Cover: Practical Machine Learning in R by Nwanganga Nwanganga

PRACTICAL MACHINE LEARNING IN R

 

 

FRED NWANGANGA

MIKE CHAPPLE

 

 

 

 

 

 

 

PCG Logo

To my parents, Grace and Friday. I would not be who I am without you. Thanks for always being there. I miss you.

Your loving son,

Chuka

To Ricky. I am so proud of the young man you've become.

Love,

Dad

About the Authors

Fred Nwanganga is an assistant teaching professor of business analytics at the University of Notre Dame's Mendoza College of Business, where he teaches both graduate and undergraduate courses in data management, machine learning, and unstructured data analytics. He has more than 15 years of technology leadership experience in both the private sector and higher education. Fred holds a PhD in computer science and engineering from the University of Notre Dame.

Mike Chapple is an associate teaching professor of information technology, analytics, and operations at the University of Notre Dame's Mendoza College of Business. Mike has more than 20 years of technology experience in the public and private sectors. He serves as academic director of the university's Master of Science in Business Analytics Program and is the author of more than 25 books. Mike earned his PhD in computer science from Notre Dame.

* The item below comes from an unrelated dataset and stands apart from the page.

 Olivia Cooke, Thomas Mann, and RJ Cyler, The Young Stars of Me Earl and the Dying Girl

About the Technical Editors

Everaldo Aguiar received his PhD from the University of Notre Dame, where he was affiliated with the Interdisciplinary Center for Network Science and Applications. He is a former data science for social good fellow and now works as a principal data science manager at SAP Concur, where he leads a team of data scientists that develops, deploys, maintains, and evaluates machine learning solutions embedded into customer-facing products.

Seth Berry is an assistant teaching professor in the Information Technology, Analytics, and Operations Department at the University of Notre Dame. He is an avid R user (he is old enough to remember when using Tinn-R was a good idea) and enjoys just about any statistical programming task that comes his way. He is particularly interested in all forms of text analysis and how people's online behaviors can predict real-life decisions.

Acknowledgments

It takes a small army to put together a book, and we are grateful to the many people who collaborated with us on this one.

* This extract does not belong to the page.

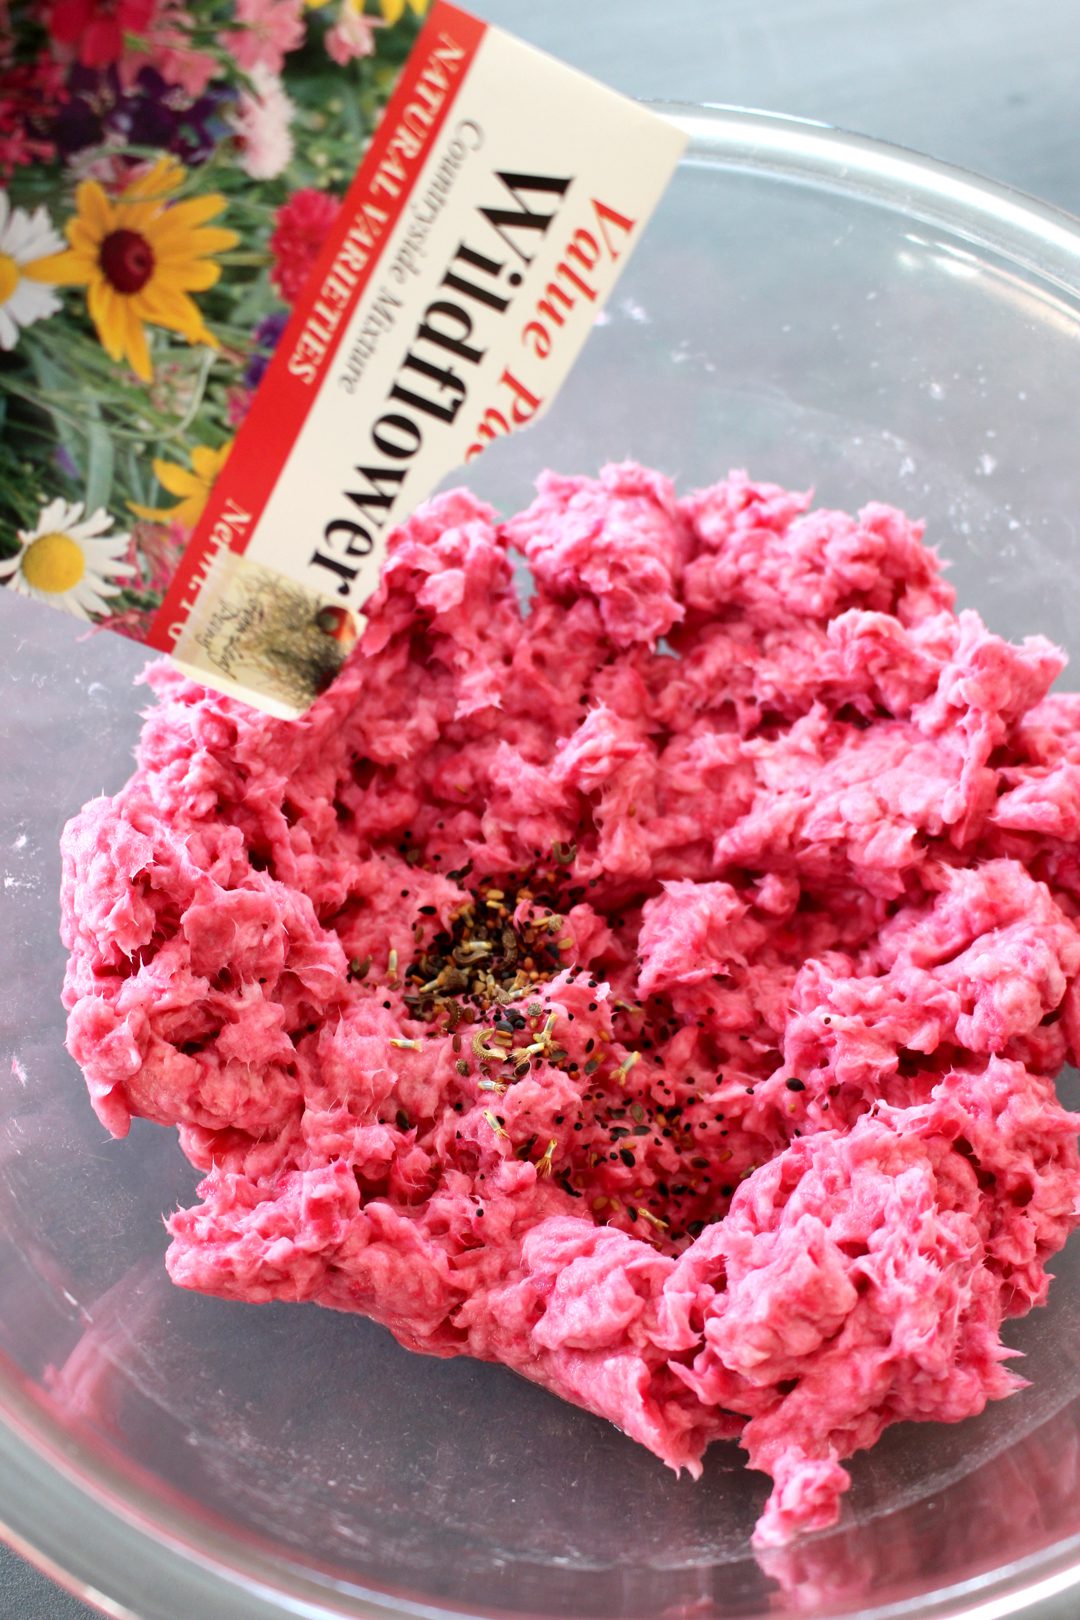 Pouring wildflower seeds into pink paper pulp in a bowl.

First and foremost, we thank our families, who once again put up with our nonsense as we were getting this book to press. We'd also like to thank our colleagues in the Information Technology, Analytics, and Operations Department at the University of Notre Dame's Mendoza College of Business. Much of the content in this book started as collegial hallway conversations, and we are thankful to have you in our lives.

Jim Minatel, our acquisitions editor at Wiley, was instrumental in getting this book underway. Mike has worked with Jim for many years and is thankful for his unwavering support. This is Fred's first collaboration with Wiley, and it truly has been a remarkable and rewarding experience.

Our agent, Carole Jelen of Waterside Productions, continues to be a valuable partner, helping us develop new opportunities, including this one.

Our technical editors, Seth Berry and Everaldo Aguiar, gave us invaluable feedback as we worked our way through this book. Thank you for your meaningful contributions to this work.

Our research assistants, Nicholas Schmit and Yun “Jessica” Yan, did an awesome job with literature review and putting together some of the supplemental material for the book.

We'd also like to thank the support crew at Wiley, particularly Kezia Endsley, our project editor, and Vasanth Koilraj, our production editor. You were the glue that kept this project on schedule.

—Fred and Mike

Introduction

Machine learning is changing the world. Every organization, large and small, seeks to extract knowledge from the massive amounts of information that they store and process on a daily basis. The tantalizing desire to predict the future drives the work of business analysts and data scientists in fields ranging from marketing to healthcare. Our goal with this book is to make the tools of analytics approachable for a broad audience.

The R programming language is a purpose-specific language designed to facilitate statistical analysis and machine learning. We choose it for this book not only due to its strong popularity in the field but also because of its intuitive nature, particularly for individuals approaching it as their first programming language.

There are many books on the market that cover practical applications of machine learning, designed for businesspeople and onlookers. Likewise, there are many deeply technical resources that dive into the mathematics and computer science of machine learning. In this book, we strive to bridge these two worlds. We attempt to bring the reader an intuitive introduction to machine learning with an eye on the practical applications of machine learning in today's world. At the same time, we don't shy away from code. As we do in our undergraduate and graduate courses, we seek to make the R programming language accessible to everyone. Our hope is that you will read this book with your laptop open next to you, following along with our examples and trying your hand at the exercises.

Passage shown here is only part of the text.